# Walker Co Fair BBQ Cookoff



## RB II (Feb 26, 2009)

We will be at it Friday night and Saturday. Cooking brisket, pork, ribs and chicken. Hope the weather holds cause it's a big party Friday night, with some cooking mixed in. Serving lunch Saturday noon. Anybody up this way stop by site #66 and we will have a beverage and some Q.


----------



## peckerwood (Jun 9, 2012)

Good luck Hydra!!!!! Sure wish I could be there.


----------



## RB II (Feb 26, 2009)

Well the weather cooperated for all of the cooking, bottom fell out during the awards ceremony though. We did pretty good, 2nd place in ribs, 2nd place in pulled pork and 2nd place overall out of 61 teams. Our best overall showing yet. We had a great time.


----------



## poco jim (Jun 28, 2010)

Congrats, ya'll did good


----------



## Herb Burnwell (May 31, 2009)

Good job guys


On that East 5...


----------



## RB II (Feb 26, 2009)

Here are some pics of the boxes and trophies.


----------



## RB II (Feb 26, 2009)

Brisket. We cooked two and they were both a little dry. Used the same process as always. We placed 4th in brisket last year.


----------



## sotexhookset (Jun 4, 2011)

Nice work. That's pretty impressive right there.


----------



## RB II (Feb 26, 2009)

Pulled pork and ribs


----------



## RB II (Feb 26, 2009)

Ribs


----------



## RB II (Feb 26, 2009)

The coolest thing about placing is that we could get a place at the HLSR Cookoff. #1 team gets to go and represent Walker Co. Scenario is that if the #1 team wins at another Cookoff or drops out we would move up and get to go. Pretty exciting.


----------



## sharkchum (Feb 10, 2012)

Congratulations, looks good.


----------



## manintheboat (Jun 1, 2004)

Congrats. Very nice looking boxes


----------



## RB II (Feb 26, 2009)

Thanks for the comments guys. We are pretty proud of the accomplishment. We don't do cookoffs a whole lot but love to cook. LOTS of work getting it all done, so the recognition that your food is good is really rewarding. It darn sure isn't for the money cause we didn't make any. Maybe could sell those two trophies for $5. Lol.


----------



## peelin' drag (Oct 21, 2005)

Great job Hydra. What pit did you use for your cook?


----------



## RB II (Feb 26, 2009)

We used the reverse flow pit this time.


----------



## seacer (Dec 9, 2012)

Where is this party @ ? The B.Q plate you shown at the bottom of this page is that how you serve all the plates? I coming

Searacer


----------



## RB II (Feb 26, 2009)

Lol Racer. The pics are of our competition submittals but hopefully your plate would look that good.


----------



## lonepinecountryclub (Jul 18, 2010)

Congratulations. Nice presentation.


----------



## seacer (Dec 9, 2012)

*Smoking Temperture*

HI

What temperature do you smoke at to reach the 150 deg internal then what temp do you smoke at to reach the 200 deg internal temp.

I'm learning

Searacer


----------



## RB II (Feb 26, 2009)

225 all the time.


----------



## peckerwood (Jun 9, 2012)

The pics. of the turn in plate made me so hungry,I got up and made a peanut butter banana samich.Congrats.to ya'll!


----------



## seacer (Dec 9, 2012)

*Smoked Sausage*

Hi

Thanks for the temperature information, I will use it. Have you ever used Texas BBQ Rub before? These guys won the Texas Rodeo cook off before you might even know these guys. Anyway your thoughts.

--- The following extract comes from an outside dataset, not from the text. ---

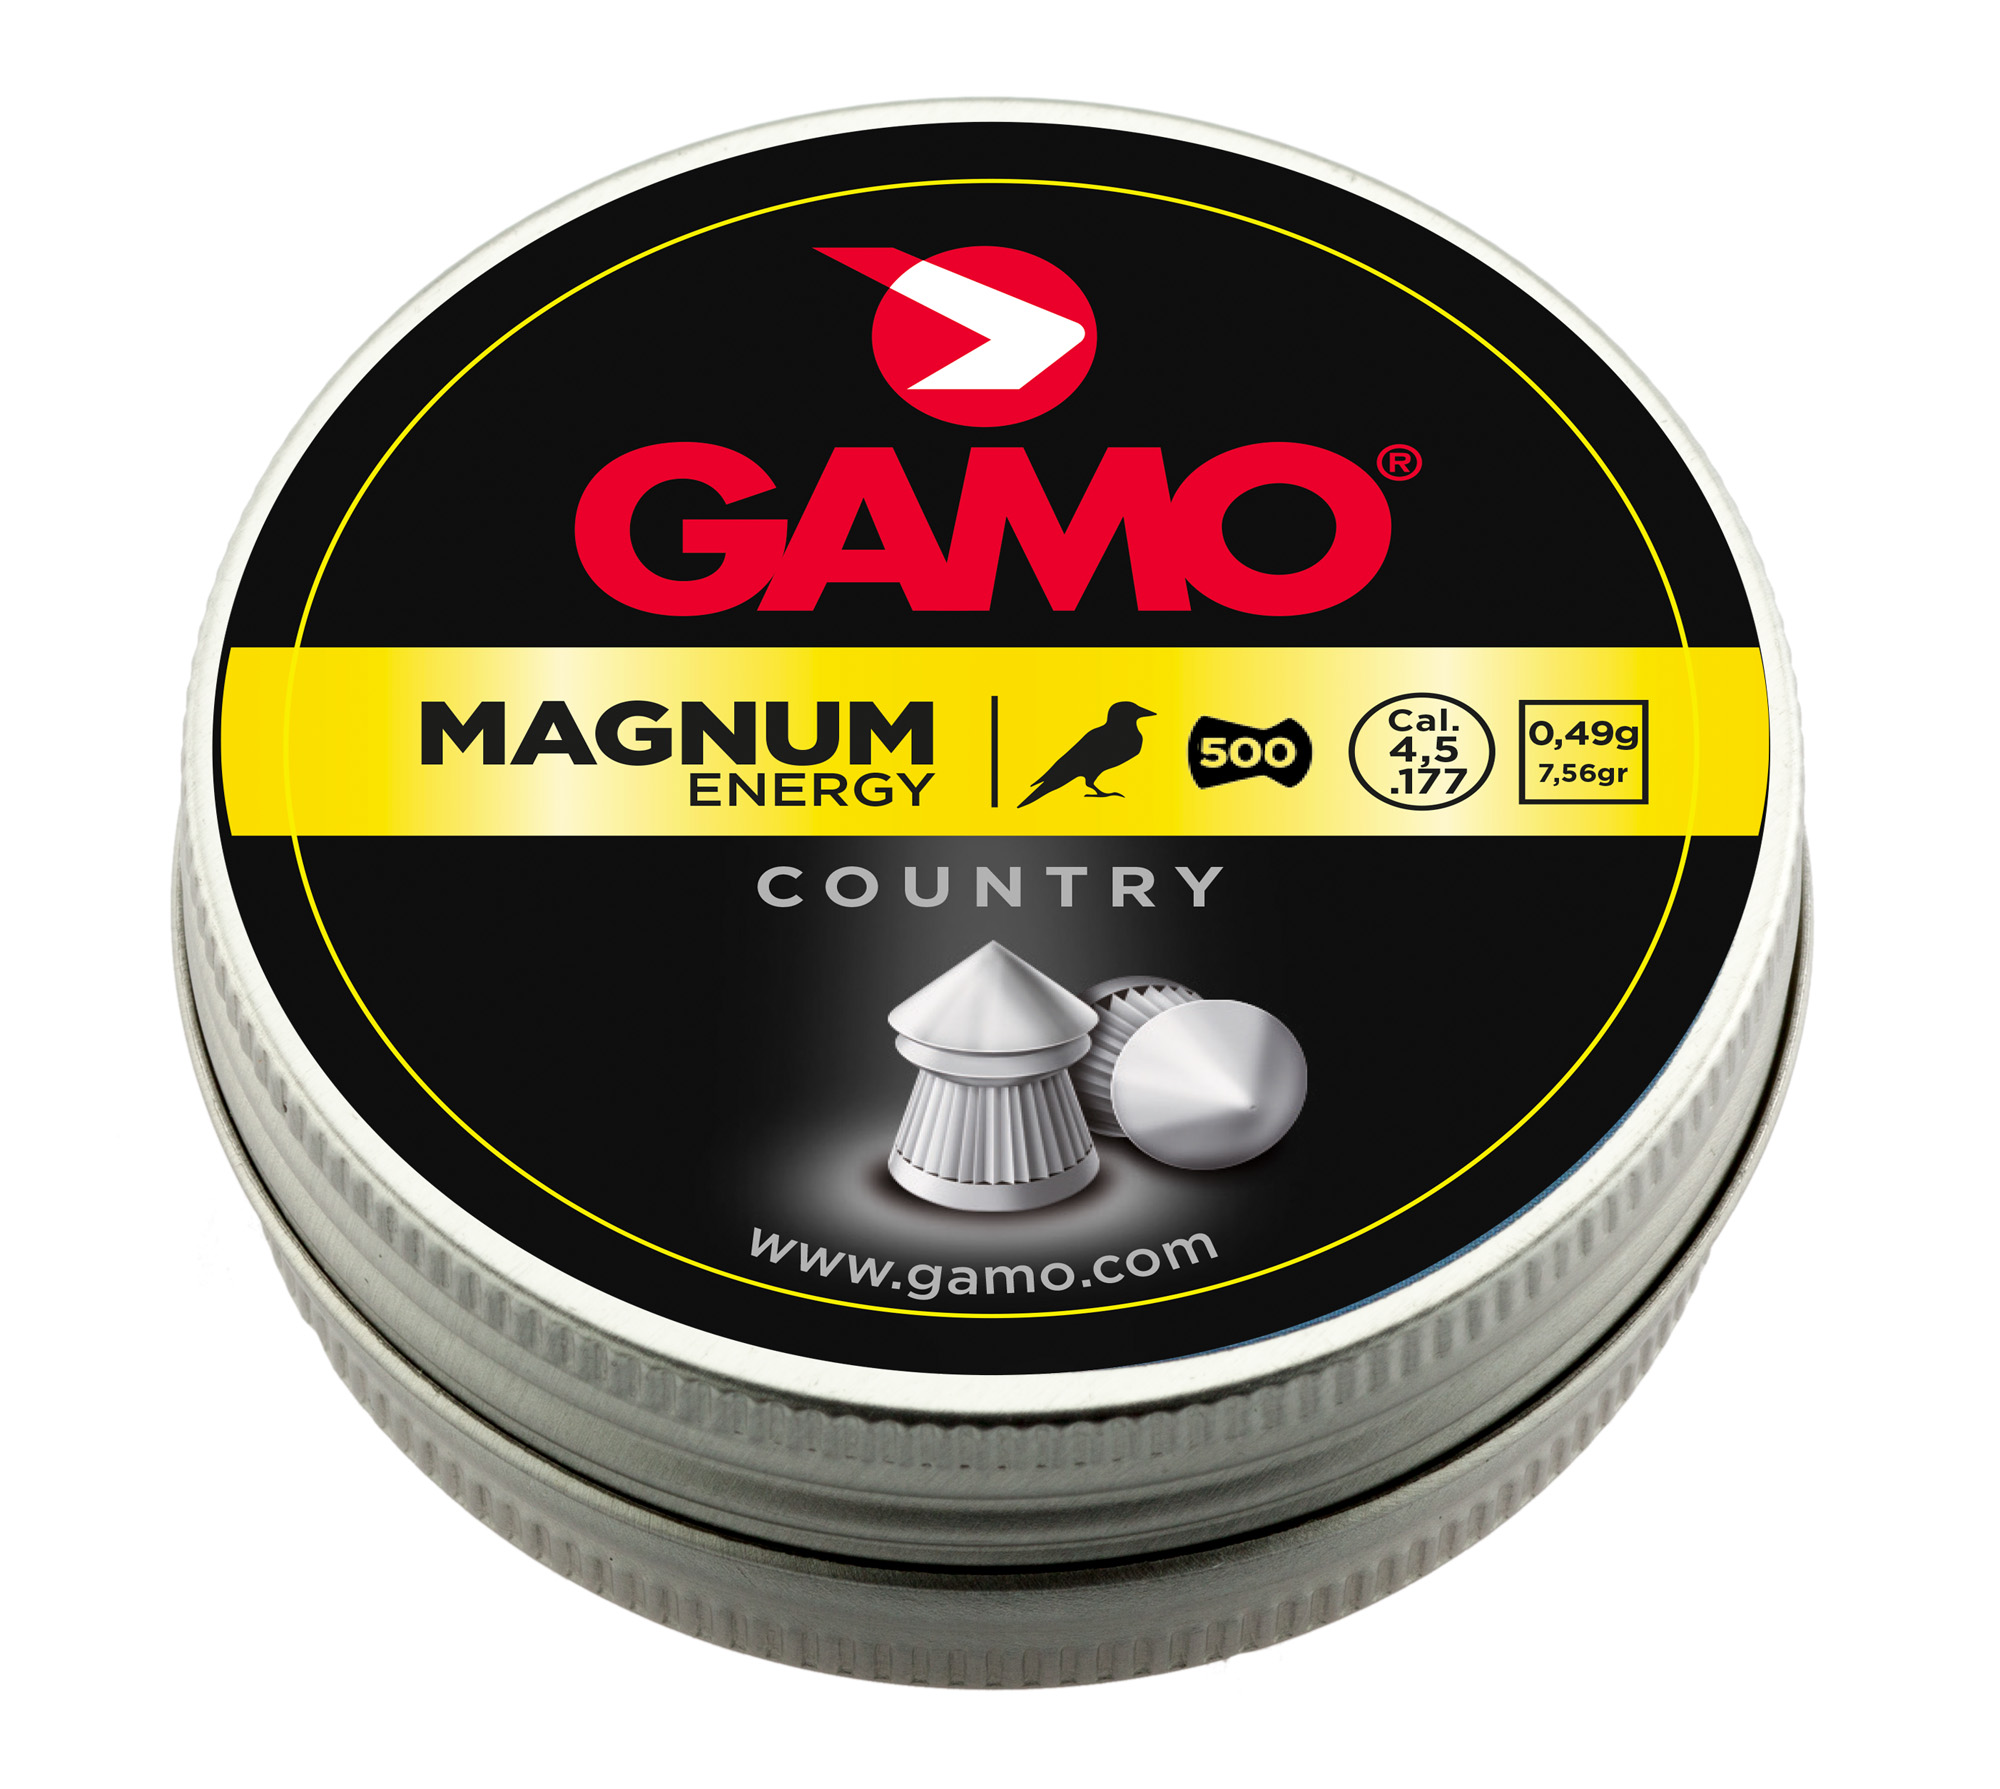 4.5 mm Plombs Gamo Magnum Energy cal

Do you ever make smoke sausage? I made them a few times and haven't got my recipe down just right yet for seasonings. I like the southern Louisiana seasoning.

When I go to select ribs, what kind of ribs works best the pork baby back or something larger and should I cook those at 220 degrees also?

Thank you for your help

Searacer



HydraSports said:


> 225 all the time.


----------



## RB II (Feb 26, 2009)

BBQ rubs vary pretty widely, some really hot, some really garlicy(?), etc. You can taste test it and tell pretty much if it is going to be to much of any of those things. We mix our own for competition, so.......... 

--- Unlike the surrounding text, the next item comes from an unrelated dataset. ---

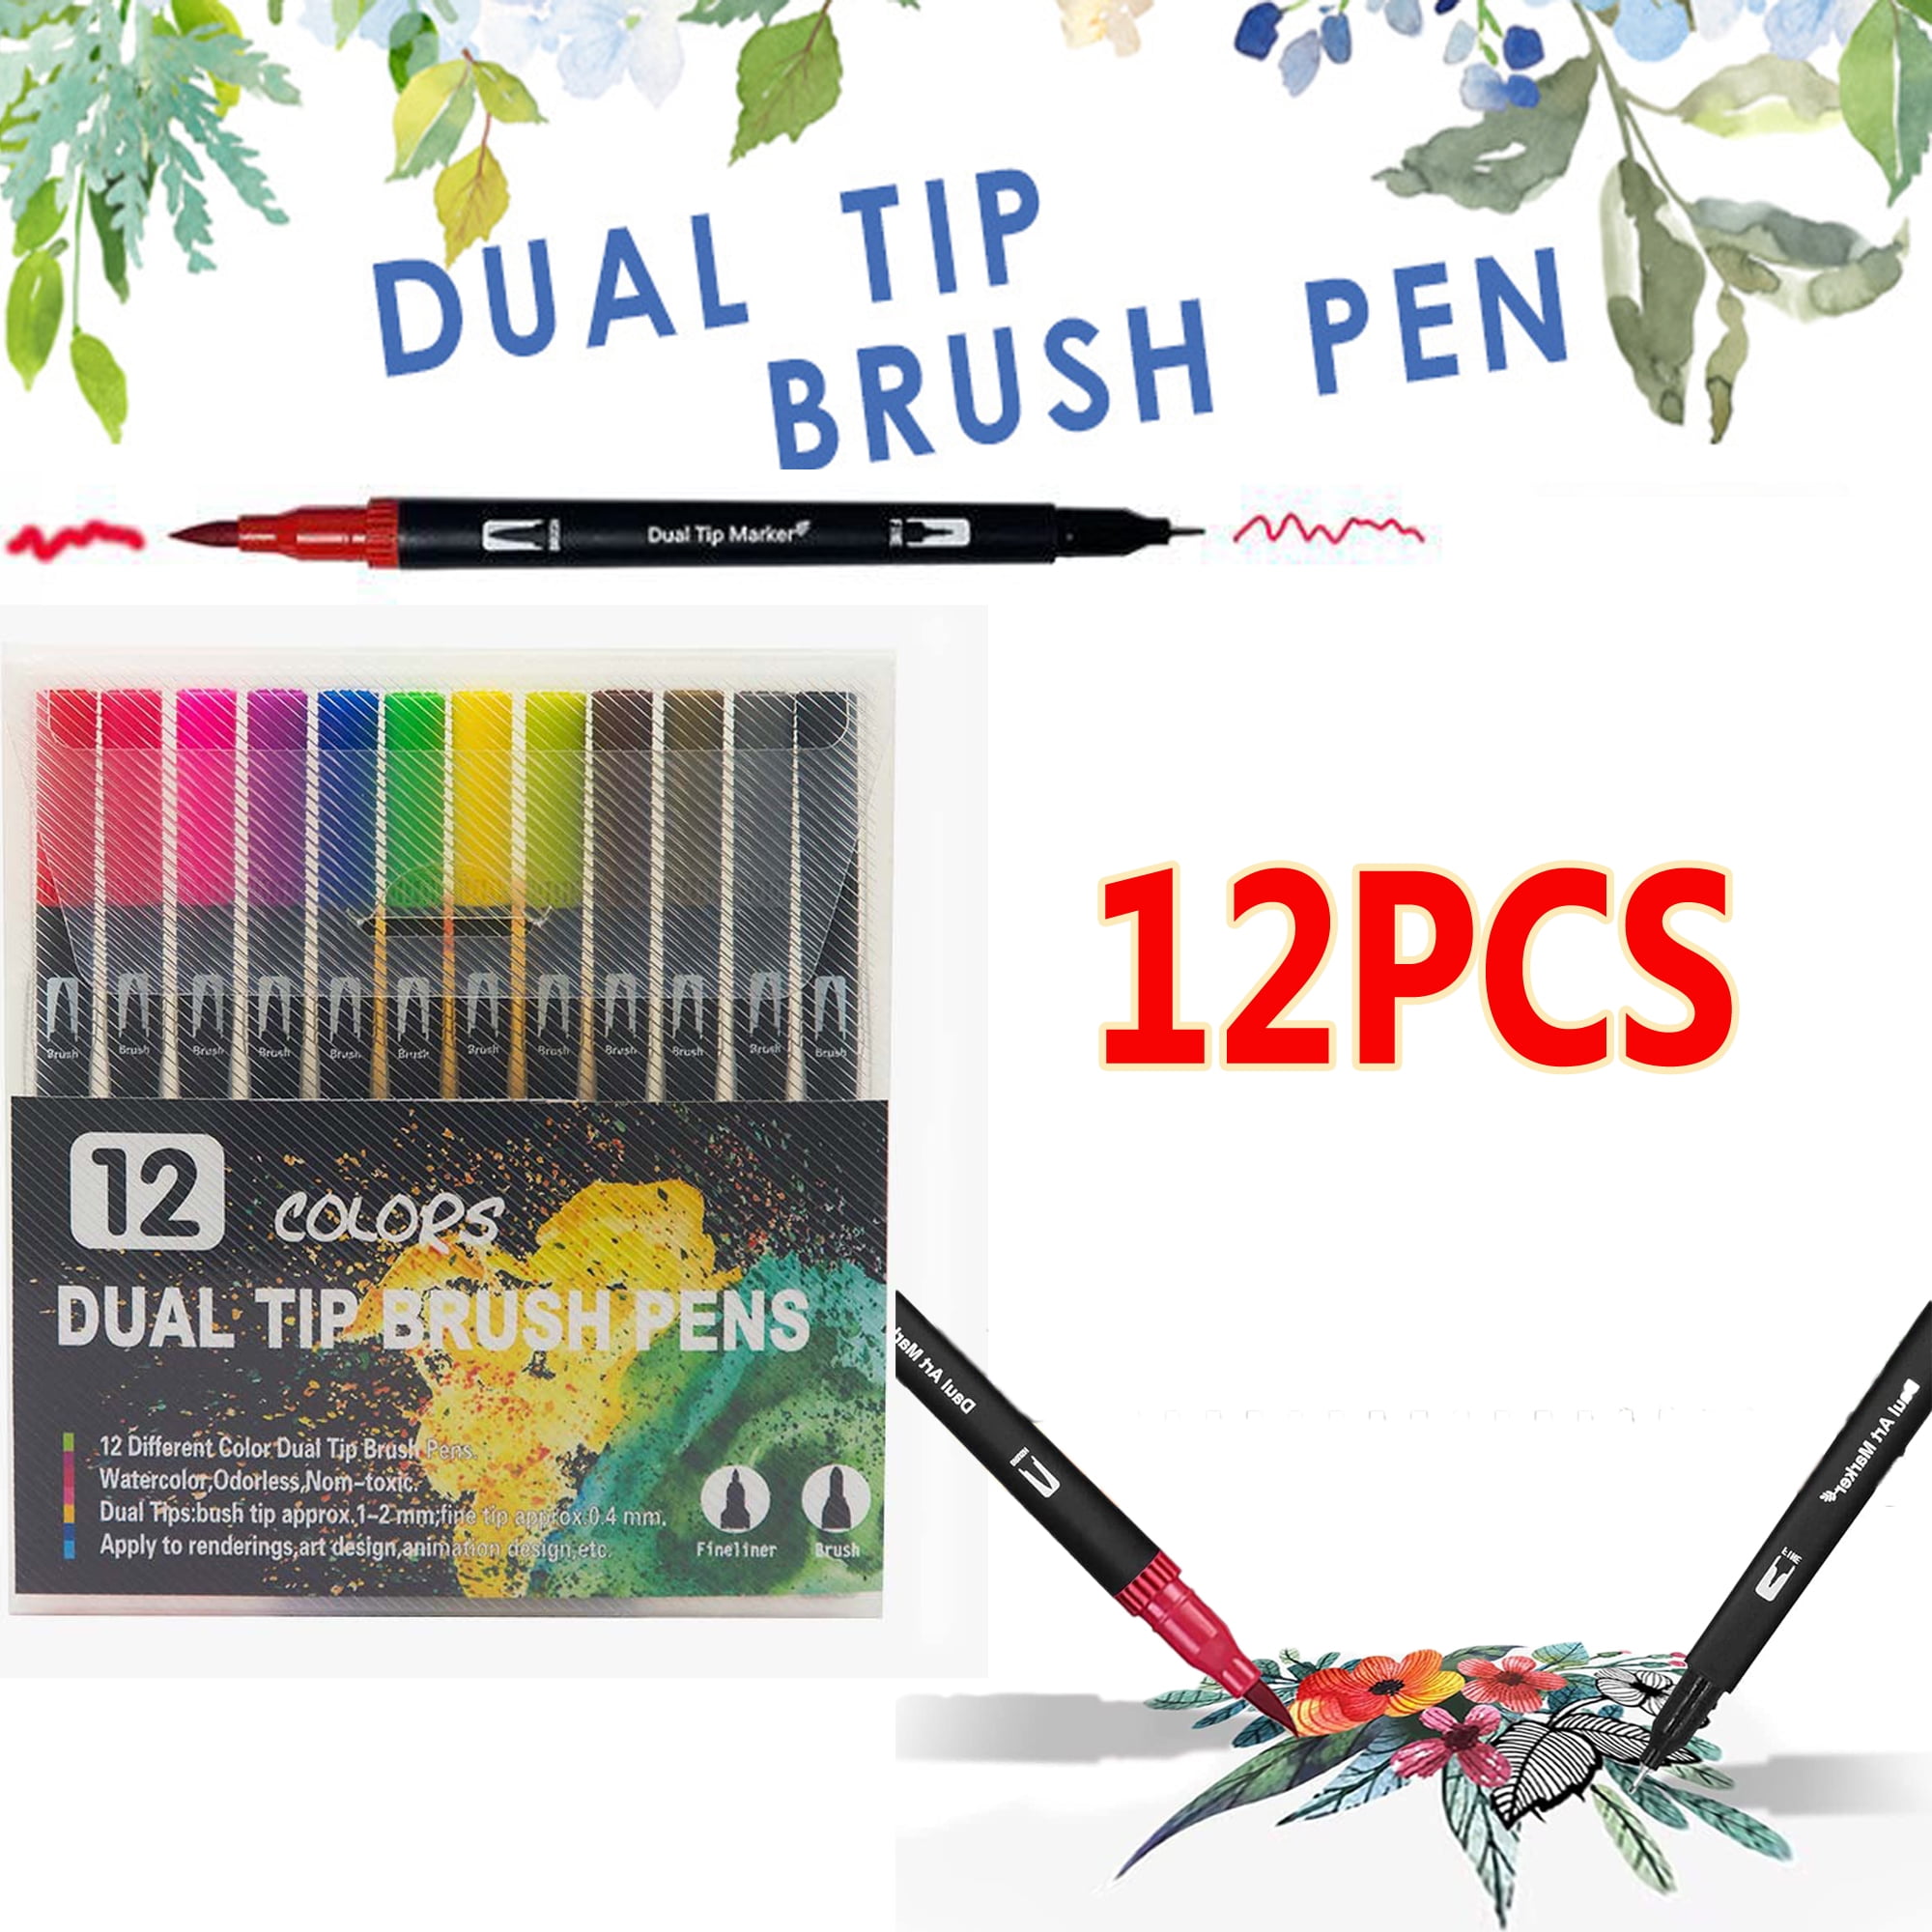  Nylea Artwerk 15 Pack Brush Calligraphy Art Pens

Sounds like Texas BBQ rub has figured out a good middle of the road taste profile that works for a lot of people (that's what it takes to win competitions), so give it a try.

Country style ribs are good. 225 all the time.....LOL

I do smoked sausage, but only know a couple of recipes, I prefer German style so I can't help with the Southern Louisiana style.


----------